- [Your instructions]
Apart from the pictures, every line below is to be set down exactly.

- [Available data]
========================================================================

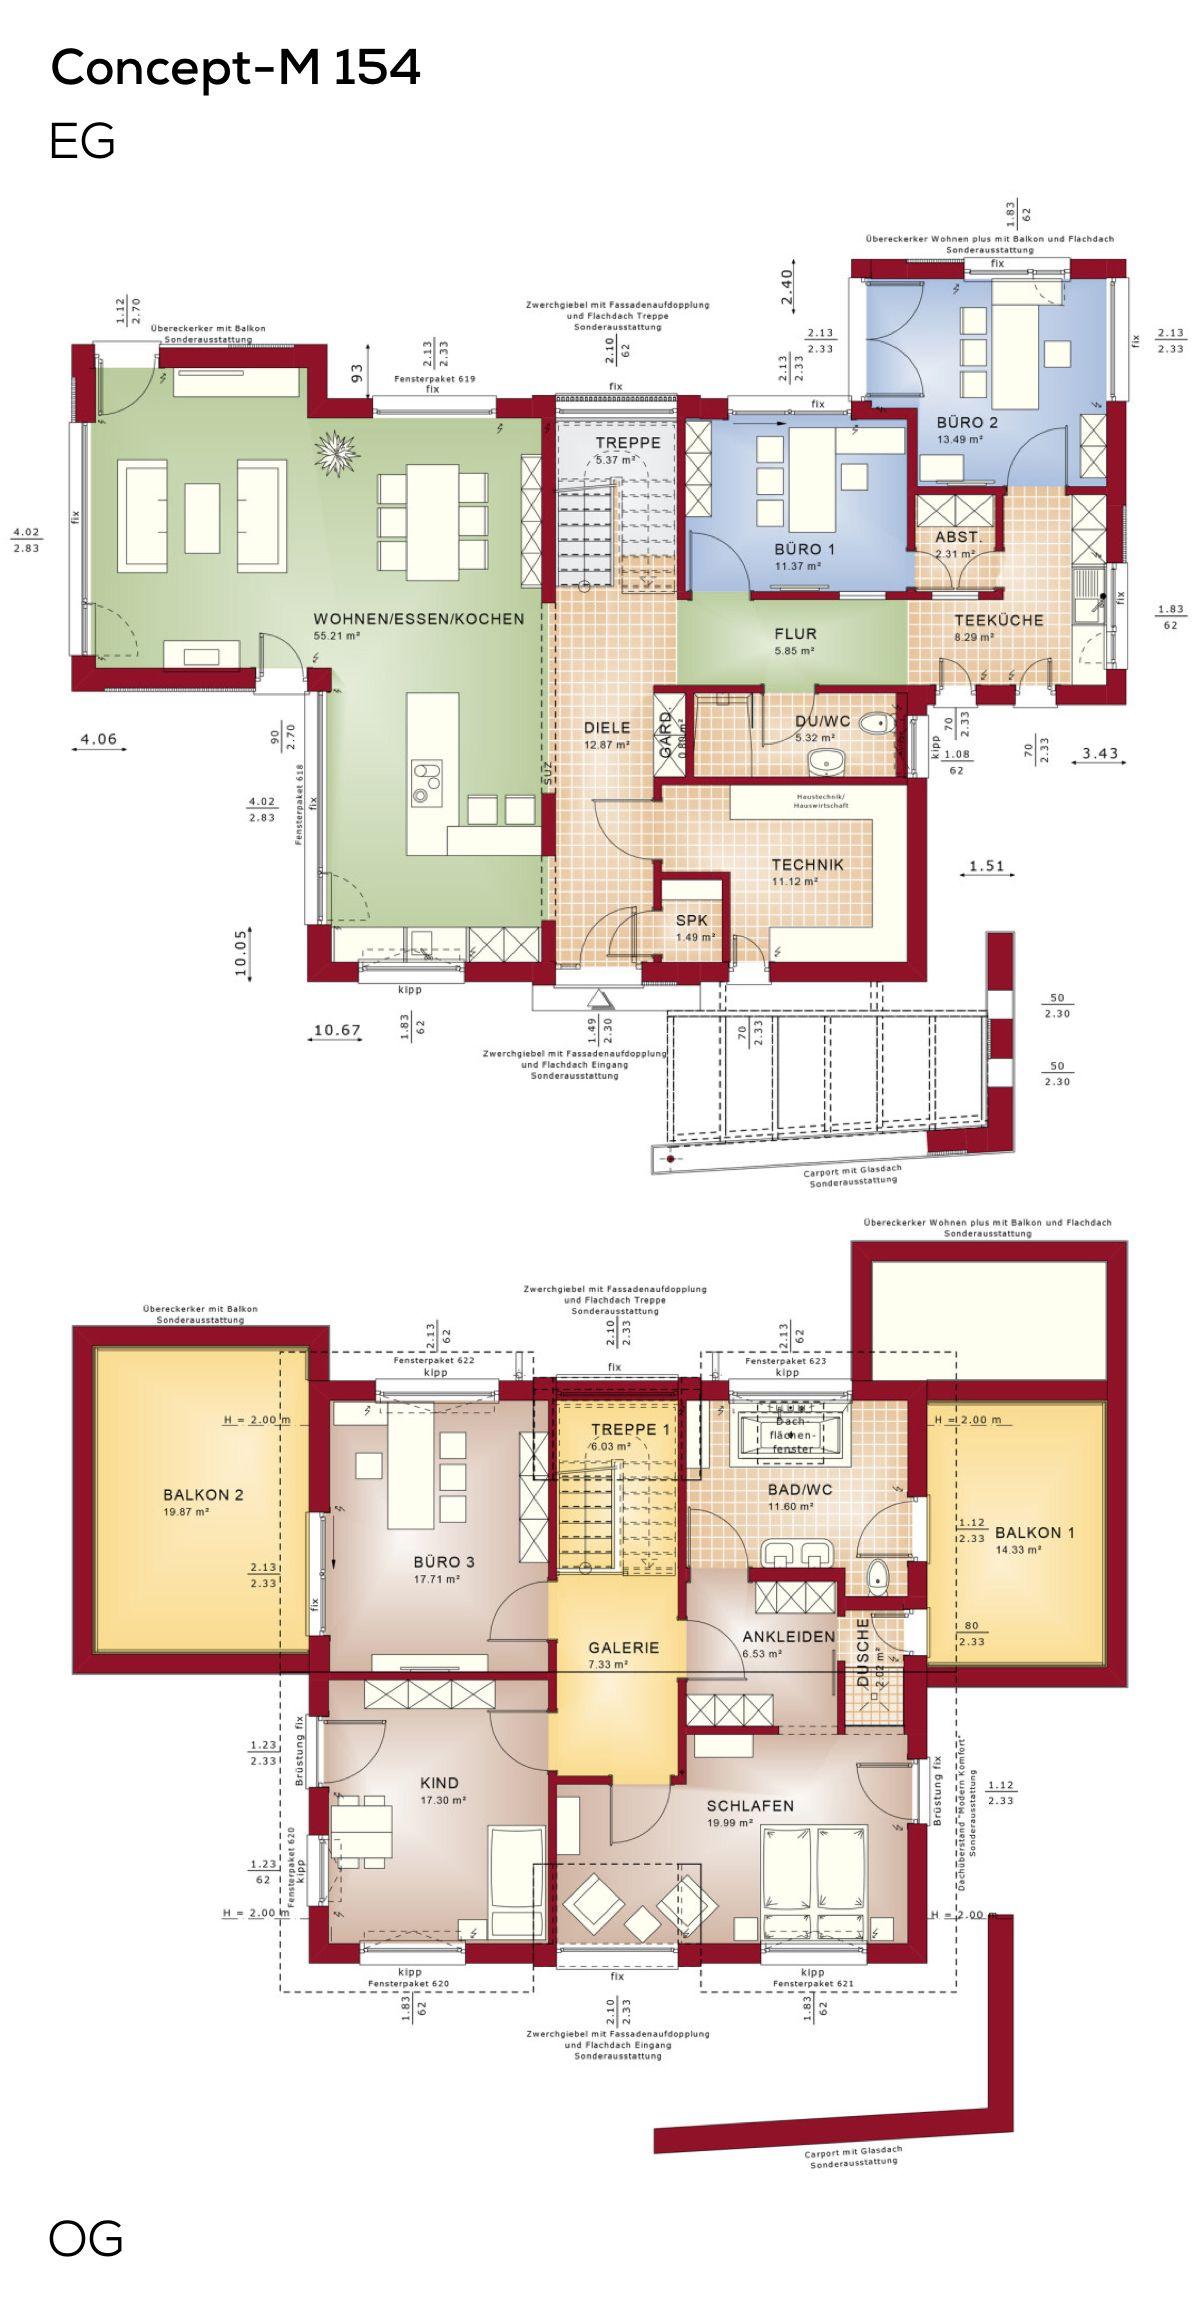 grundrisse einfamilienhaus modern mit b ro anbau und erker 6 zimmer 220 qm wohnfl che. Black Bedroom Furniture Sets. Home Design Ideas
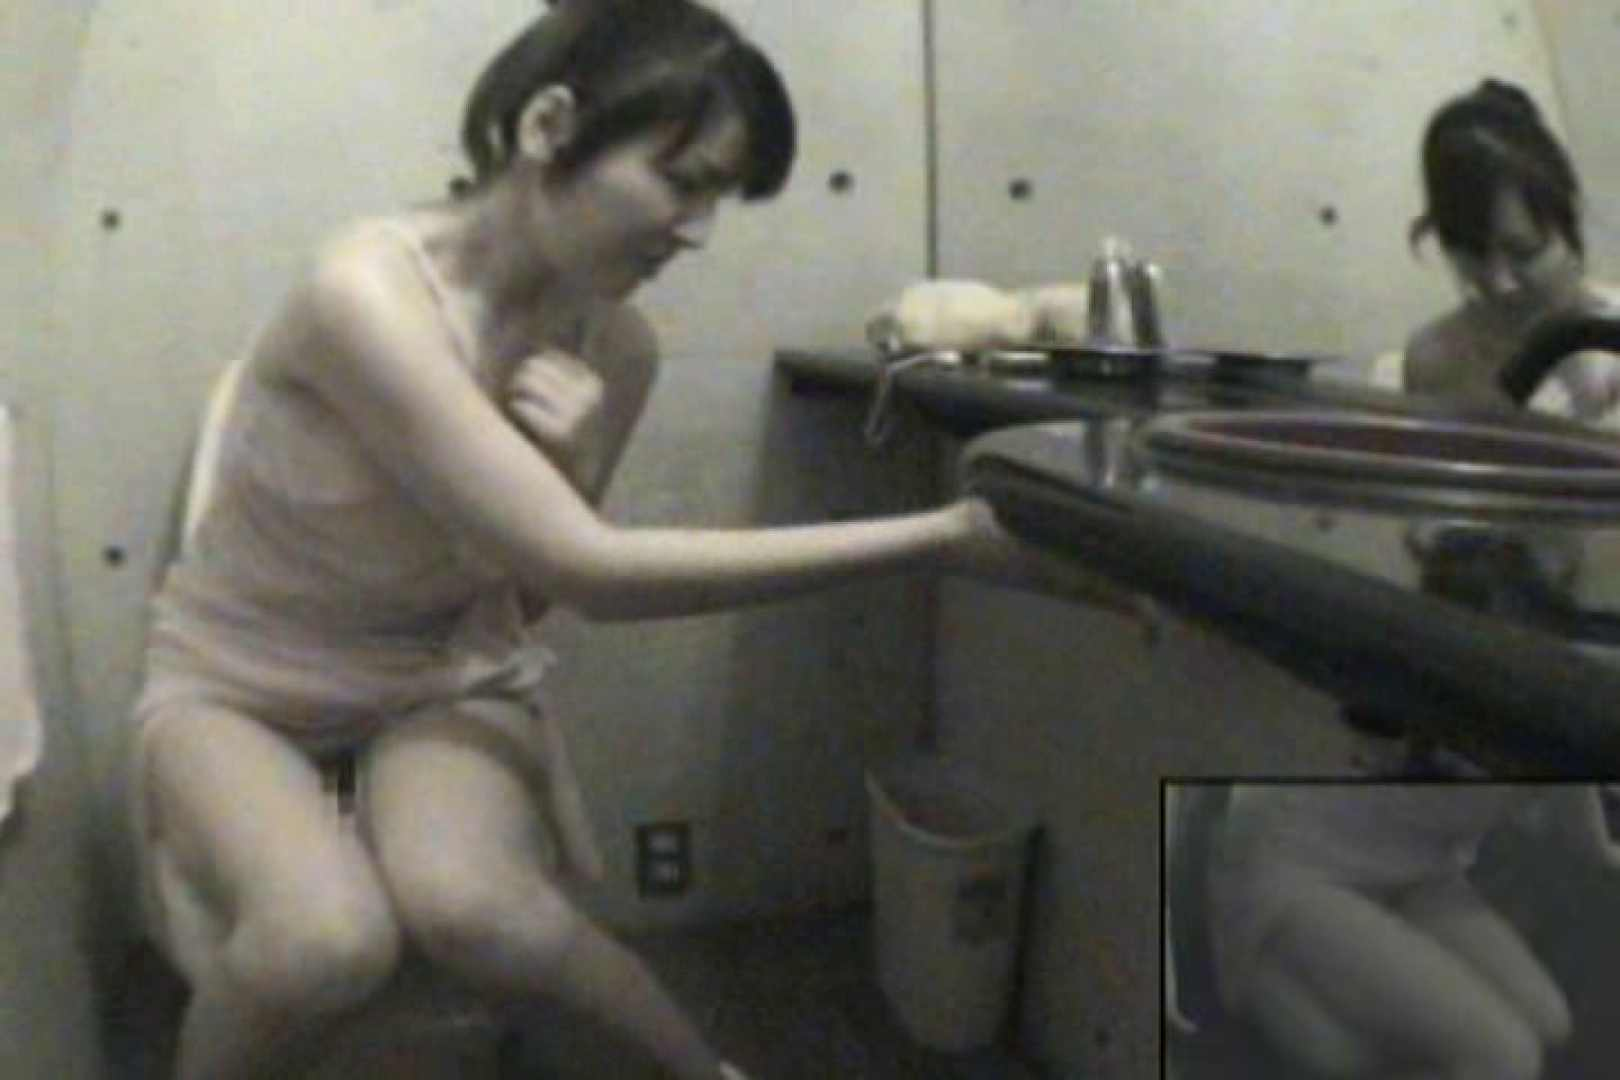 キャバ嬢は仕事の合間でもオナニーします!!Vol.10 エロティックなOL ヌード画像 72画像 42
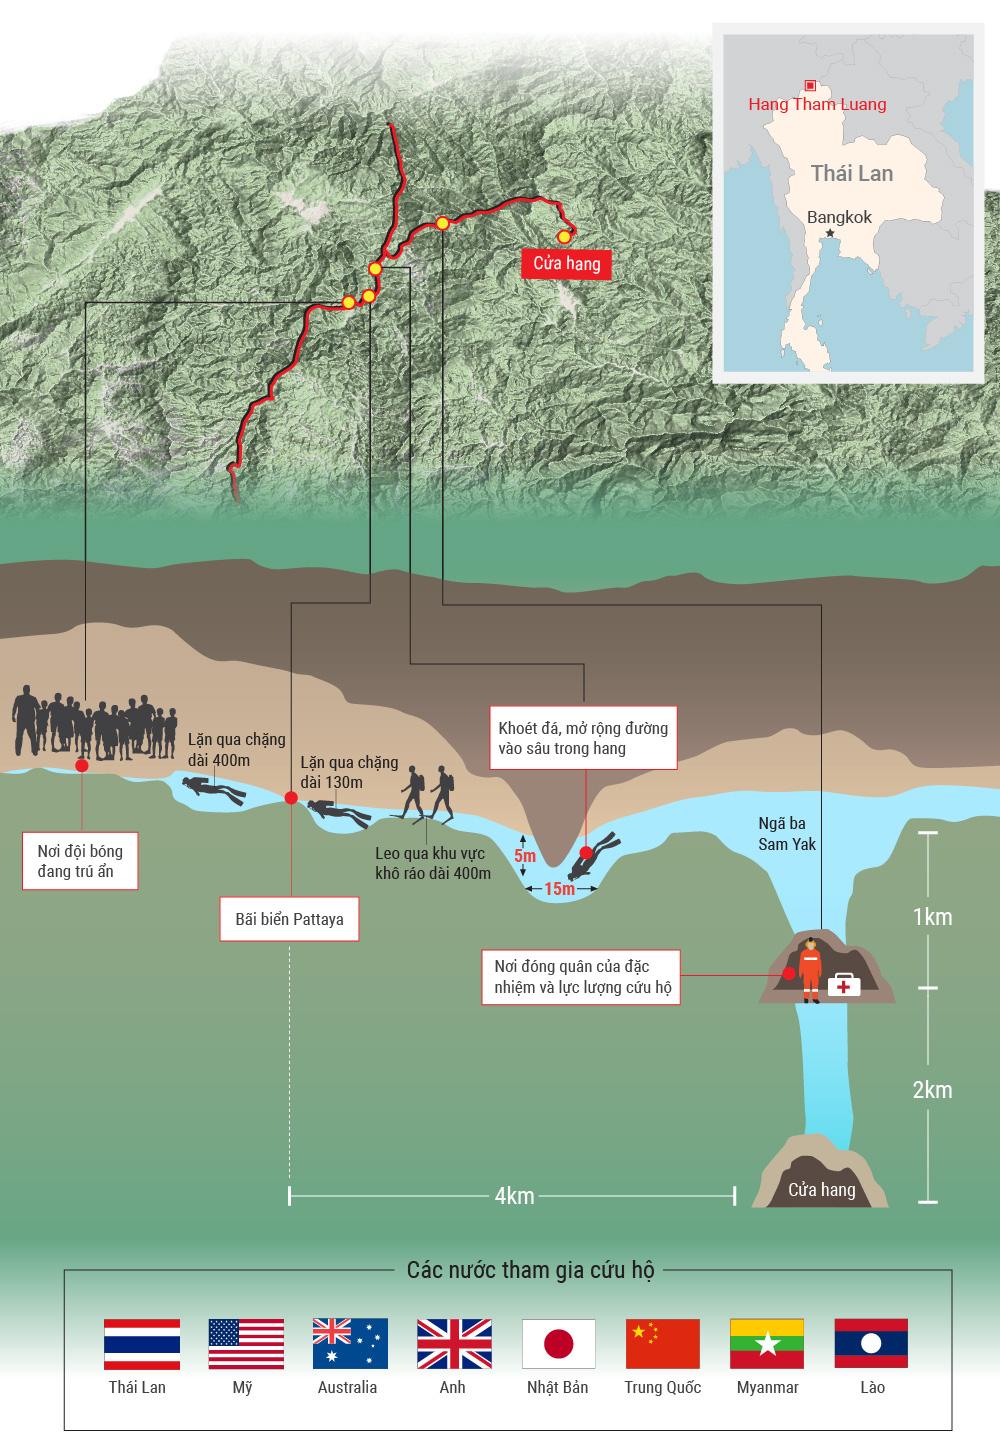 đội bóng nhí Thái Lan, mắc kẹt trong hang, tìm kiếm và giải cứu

========================================================================

- [Result of this task]
 grundrisse einfamilienhaus modern mit b ro anbau und erker 6 zimmer 220 qm wohnfl che. Black Bedroom Furniture Sets. Home Design Ideas
 キャバ嬢は仕事の合間でもオナニーします!!Vol.10 エロティックなOL ヌード画像 72画像 42
 đội bóng nhí Thái Lan, mắc kẹt trong hang, tìm kiếm và giải cứu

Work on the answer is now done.